### Exercise brief:
Could you repeat the records below exactly as written?

Records from a data source:
_ _ _ _ _
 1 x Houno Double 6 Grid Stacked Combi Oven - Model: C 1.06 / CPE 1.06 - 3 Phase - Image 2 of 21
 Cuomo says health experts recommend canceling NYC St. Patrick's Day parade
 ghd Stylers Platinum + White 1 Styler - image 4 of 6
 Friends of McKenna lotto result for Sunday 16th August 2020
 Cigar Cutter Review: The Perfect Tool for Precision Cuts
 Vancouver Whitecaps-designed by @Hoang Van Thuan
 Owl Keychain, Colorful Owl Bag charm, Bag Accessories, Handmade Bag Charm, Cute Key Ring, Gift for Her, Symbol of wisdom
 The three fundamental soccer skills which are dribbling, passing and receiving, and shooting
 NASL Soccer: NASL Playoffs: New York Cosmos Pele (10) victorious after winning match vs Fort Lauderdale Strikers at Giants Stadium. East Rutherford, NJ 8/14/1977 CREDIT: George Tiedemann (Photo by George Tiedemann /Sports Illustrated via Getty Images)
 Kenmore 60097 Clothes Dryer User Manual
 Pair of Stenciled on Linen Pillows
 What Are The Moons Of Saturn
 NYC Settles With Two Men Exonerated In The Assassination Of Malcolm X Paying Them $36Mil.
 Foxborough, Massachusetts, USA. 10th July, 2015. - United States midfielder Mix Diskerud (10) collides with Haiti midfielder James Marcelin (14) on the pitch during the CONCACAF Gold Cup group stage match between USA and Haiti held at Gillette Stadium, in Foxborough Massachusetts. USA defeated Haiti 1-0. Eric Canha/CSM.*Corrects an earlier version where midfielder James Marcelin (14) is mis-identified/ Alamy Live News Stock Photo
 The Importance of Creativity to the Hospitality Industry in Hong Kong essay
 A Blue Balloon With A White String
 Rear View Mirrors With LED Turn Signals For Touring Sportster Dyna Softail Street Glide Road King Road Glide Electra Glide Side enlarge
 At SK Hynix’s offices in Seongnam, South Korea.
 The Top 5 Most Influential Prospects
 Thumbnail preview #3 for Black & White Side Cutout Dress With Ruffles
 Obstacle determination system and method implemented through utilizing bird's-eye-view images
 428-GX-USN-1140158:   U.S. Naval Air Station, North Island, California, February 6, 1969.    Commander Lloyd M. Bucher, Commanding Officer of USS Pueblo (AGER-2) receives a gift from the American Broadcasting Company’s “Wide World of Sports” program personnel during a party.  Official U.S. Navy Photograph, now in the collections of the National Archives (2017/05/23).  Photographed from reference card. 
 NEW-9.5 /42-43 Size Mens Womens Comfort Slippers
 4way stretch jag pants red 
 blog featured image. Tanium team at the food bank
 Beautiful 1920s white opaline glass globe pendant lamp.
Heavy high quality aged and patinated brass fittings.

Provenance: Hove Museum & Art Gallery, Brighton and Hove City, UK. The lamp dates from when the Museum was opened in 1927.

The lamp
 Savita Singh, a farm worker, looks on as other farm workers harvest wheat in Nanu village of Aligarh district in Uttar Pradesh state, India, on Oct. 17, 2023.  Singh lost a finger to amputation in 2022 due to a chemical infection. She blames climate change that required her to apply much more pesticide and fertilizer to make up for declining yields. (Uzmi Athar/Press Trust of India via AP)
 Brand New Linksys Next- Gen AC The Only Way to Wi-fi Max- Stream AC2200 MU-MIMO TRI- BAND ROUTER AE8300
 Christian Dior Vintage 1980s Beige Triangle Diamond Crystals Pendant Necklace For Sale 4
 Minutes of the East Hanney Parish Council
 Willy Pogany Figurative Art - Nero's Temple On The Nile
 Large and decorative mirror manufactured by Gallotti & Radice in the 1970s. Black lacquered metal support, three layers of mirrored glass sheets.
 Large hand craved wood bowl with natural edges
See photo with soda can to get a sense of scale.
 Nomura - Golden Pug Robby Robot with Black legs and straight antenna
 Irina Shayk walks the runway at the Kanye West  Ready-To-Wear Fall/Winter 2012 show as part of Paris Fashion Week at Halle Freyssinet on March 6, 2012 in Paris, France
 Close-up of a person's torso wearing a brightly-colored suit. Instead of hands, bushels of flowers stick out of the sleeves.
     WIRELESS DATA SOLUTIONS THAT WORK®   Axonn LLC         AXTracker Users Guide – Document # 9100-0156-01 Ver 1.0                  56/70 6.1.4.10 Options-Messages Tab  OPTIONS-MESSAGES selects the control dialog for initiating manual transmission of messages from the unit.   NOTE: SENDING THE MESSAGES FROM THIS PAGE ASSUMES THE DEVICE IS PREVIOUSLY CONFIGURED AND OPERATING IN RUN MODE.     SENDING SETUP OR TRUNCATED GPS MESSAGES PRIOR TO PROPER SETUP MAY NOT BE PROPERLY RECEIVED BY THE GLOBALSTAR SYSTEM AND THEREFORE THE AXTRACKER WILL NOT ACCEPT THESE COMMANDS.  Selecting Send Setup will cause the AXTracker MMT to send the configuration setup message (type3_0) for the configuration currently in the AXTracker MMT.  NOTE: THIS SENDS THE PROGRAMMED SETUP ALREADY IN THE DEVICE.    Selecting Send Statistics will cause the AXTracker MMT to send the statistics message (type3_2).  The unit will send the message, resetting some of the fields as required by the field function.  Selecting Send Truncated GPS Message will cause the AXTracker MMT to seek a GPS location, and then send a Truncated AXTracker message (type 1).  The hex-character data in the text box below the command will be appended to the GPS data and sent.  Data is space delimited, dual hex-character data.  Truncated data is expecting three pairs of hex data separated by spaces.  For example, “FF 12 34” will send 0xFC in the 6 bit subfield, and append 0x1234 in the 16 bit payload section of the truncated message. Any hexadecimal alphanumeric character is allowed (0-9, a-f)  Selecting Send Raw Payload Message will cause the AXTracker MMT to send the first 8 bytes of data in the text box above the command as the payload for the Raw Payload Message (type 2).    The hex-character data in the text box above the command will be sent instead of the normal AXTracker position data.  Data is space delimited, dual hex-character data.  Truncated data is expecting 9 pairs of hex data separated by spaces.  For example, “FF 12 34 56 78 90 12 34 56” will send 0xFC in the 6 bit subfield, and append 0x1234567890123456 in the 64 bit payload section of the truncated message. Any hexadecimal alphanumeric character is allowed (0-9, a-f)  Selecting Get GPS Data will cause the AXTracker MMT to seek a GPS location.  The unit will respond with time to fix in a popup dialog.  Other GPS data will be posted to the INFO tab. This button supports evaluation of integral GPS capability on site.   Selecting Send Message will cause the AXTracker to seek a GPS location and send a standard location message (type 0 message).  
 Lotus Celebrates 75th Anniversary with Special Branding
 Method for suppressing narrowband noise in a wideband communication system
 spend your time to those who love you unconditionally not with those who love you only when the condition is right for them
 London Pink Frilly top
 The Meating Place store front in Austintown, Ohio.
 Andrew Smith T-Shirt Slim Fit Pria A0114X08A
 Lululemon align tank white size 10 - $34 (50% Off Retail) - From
_ _ _ _ _
### Written response:
 1 x Houno Double 6 Grid Stacked Combi Oven - Model: C 1.06 / CPE 1.06 - 3 Phase - Image 2 of 21
 Cuomo says health experts recommend canceling NYC St. Patrick's Day parade
 ghd Stylers Platinum + White 1 Styler - image 4 of 6
 Friends of McKenna lotto result for Sunday 16th August 2020
 Cigar Cutter Review: The Perfect Tool for Precision Cuts
 Vancouver Whitecaps-designed by @Hoang Van Thuan
 Owl Keychain, Colorful Owl Bag charm, Bag Accessories, Handmade Bag Charm, Cute Key Ring, Gift for Her, Symbol of wisdom
 The three fundamental soccer skills which are dribbling, passing and receiving, and shooting
 NASL Soccer: NASL Playoffs: New York Cosmos Pele (10) victorious after winning match vs Fort Lauderdale Strikers at Giants Stadium. East Rutherford, NJ 8/14/1977 CREDIT: George Tiedemann (Photo by George Tiedemann /Sports Illustrated via Getty Images)
 Kenmore 60097 Clothes Dryer User Manual
 Pair of Stenciled on Linen Pillows
 What Are The Moons Of Saturn
 NYC Settles With Two Men Exonerated In The Assassination Of Malcolm X Paying Them $36Mil.
 Foxborough, Massachusetts, USA. 10th July, 2015. - United States midfielder Mix Diskerud (10) collides with Haiti midfielder James Marcelin (14) on the pitch during the CONCACAF Gold Cup group stage match between USA and Haiti held at Gillette Stadium, in Foxborough Massachusetts. USA defeated Haiti 1-0. Eric Canha/CSM.*Corrects an earlier version where midfielder James Marcelin (14) is mis-identified/ Alamy Live News Stock Photo
 The Importance of Creativity to the Hospitality Industry in Hong Kong essay
 A Blue Balloon With A White String
 Rear View Mirrors With LED Turn Signals For Touring Sportster Dyna Softail Street Glide Road King Road Glide Electra Glide Side enlarge
 At SK Hynix’s offices in Seongnam, South Korea.
 The Top 5 Most Influential Prospects
 Thumbnail preview #3 for Black & White Side Cutout Dress With Ruffles
 Obstacle determination system and method implemented through utilizing bird's-eye-view images
 428-GX-USN-1140158:   U.S. Naval Air Station, North Island, California, February 6, 1969.    Commander Lloyd M. Bucher, Commanding Officer of USS Pueblo (AGER-2) receives a gift from the American Broadcasting Company’s “Wide World of Sports” program personnel during a party.  Official U.S. Navy Photograph, now in the collections of the National Archives (2017/05/23).  Photographed from reference card. 
 NEW-9.5 /42-43 Size Mens Womens Comfort Slippers
 4way stretch jag pants red 
 blog featured image. Tanium team at the food bank
 Beautiful 1920s white opaline glass globe pendant lamp.
Heavy high quality aged and patinated brass fittings.

Provenance: Hove Museum & Art Gallery, Brighton and Hove City, UK. The lamp dates from when the Museum was opened in 1927.

The lamp
 Savita Singh, a farm worker, looks on as other farm workers harvest wheat in Nanu village of Aligarh district in Uttar Pradesh state, India, on Oct. 17, 2023.  Singh lost a finger to amputation in 2022 due to a chemical infection. She blames climate change that required her to apply much more pesticide and fertilizer to make up for declining yields. (Uzmi Athar/Press Trust of India via AP)
 Brand New Linksys Next- Gen AC The Only Way to Wi-fi Max- Stream AC2200 MU-MIMO TRI- BAND ROUTER AE8300
 Christian Dior Vintage 1980s Beige Triangle Diamond Crystals Pendant Necklace For Sale 4
 Minutes of the East Hanney Parish Council
 Willy Pogany Figurative Art - Nero's Temple On The Nile
 Large and decorative mirror manufactured by Gallotti & Radice in the 1970s. Black lacquered metal support, three layers of mirrored glass sheets.
 Large hand craved wood bowl with natural edges
See photo with soda can to get a sense of scale.
 Nomura - Golden Pug Robby Robot with Black legs and straight antenna
 Irina Shayk walks the runway at the Kanye West  Ready-To-Wear Fall/Winter 2012 show as part of Paris Fashion Week at Halle Freyssinet on March 6, 2012 in Paris, France
 Close-up of a person's torso wearing a brightly-colored suit. Instead of hands, bushels of flowers stick out of the sleeves.
     WIRELESS DATA SOLUTIONS THAT WORK®   Axonn LLC         AXTracker Users Guide – Document # 9100-0156-01 Ver 1.0                  56/70 6.1.4.10 Options-Messages Tab  OPTIONS-MESSAGES selects the control dialog for initiating manual transmission of messages from the unit.   NOTE: SENDING THE MESSAGES FROM THIS PAGE ASSUMES THE DEVICE IS PREVIOUSLY CONFIGURED AND OPERATING IN RUN MODE.     SENDING SETUP OR TRUNCATED GPS MESSAGES PRIOR TO PROPER SETUP MAY NOT BE PROPERLY RECEIVED BY THE GLOBALSTAR SYSTEM AND THEREFORE THE AXTRACKER WILL NOT ACCEPT THESE COMMANDS.  Selecting Send Setup will cause the AXTracker MMT to send the configuration setup message (type3_0) for the configuration currently in the AXTracker MMT.  NOTE: THIS SENDS THE PROGRAMMED SETUP ALREADY IN THE DEVICE.    Selecting Send Statistics will cause the AXTracker MMT to send the statistics message (type3_2).  The unit will send the message, resetting some of the fields as required by the field function.  Selecting Send Truncated GPS Message will cause the AXTracker MMT to seek a GPS location, and then send a Truncated AXTracker message (type 1).  The hex-character data in the text box below the command will be appended to the GPS data and sent.  Data is space delimited, dual hex-character data.  Truncated data is expecting three pairs of hex data separated by spaces.  For example, “FF 12 34” will send 0xFC in the 6 bit subfield, and append 0x1234 in the 16 bit payload section of the truncated message. Any hexadecimal alphanumeric character is allowed (0-9, a-f)  Selecting Send Raw Payload Message will cause the AXTracker MMT to send the first 8 bytes of data in the text box above the command as the payload for the Raw Payload Message (type 2).    The hex-character data in the text box above the command will be sent instead of the normal AXTracker position data.  Data is space delimited, dual hex-character data.  Truncated data is expecting 9 pairs of hex data separated by spaces.  For example, “FF 12 34 56 78 90 12 34 56” will send 0xFC in the 6 bit subfield, and append 0x1234567890123456 in the 64 bit payload section of the truncated message. Any hexadecimal alphanumeric character is allowed (0-9, a-f)  Selecting Get GPS Data will cause the AXTracker MMT to seek a GPS location.  The unit will respond with time to fix in a popup dialog.  Other GPS data will be posted to the INFO tab. This button supports evaluation of integral GPS capability on site.   Selecting Send Message will cause the AXTracker to seek a GPS location and send a standard location message (type 0 message).  
 Lotus Celebrates 75th Anniversary with Special Branding
 Method for suppressing narrowband noise in a wideband communication system
 spend your time to those who love you unconditionally not with those who love you only when the condition is right for them
 London Pink Frilly top
 The Meating Place store front in Austintown, Ohio.
 Andrew Smith T-Shirt Slim Fit Pria A0114X08A
 Lululemon align tank white size 10 - $34 (50% Off Retail) - From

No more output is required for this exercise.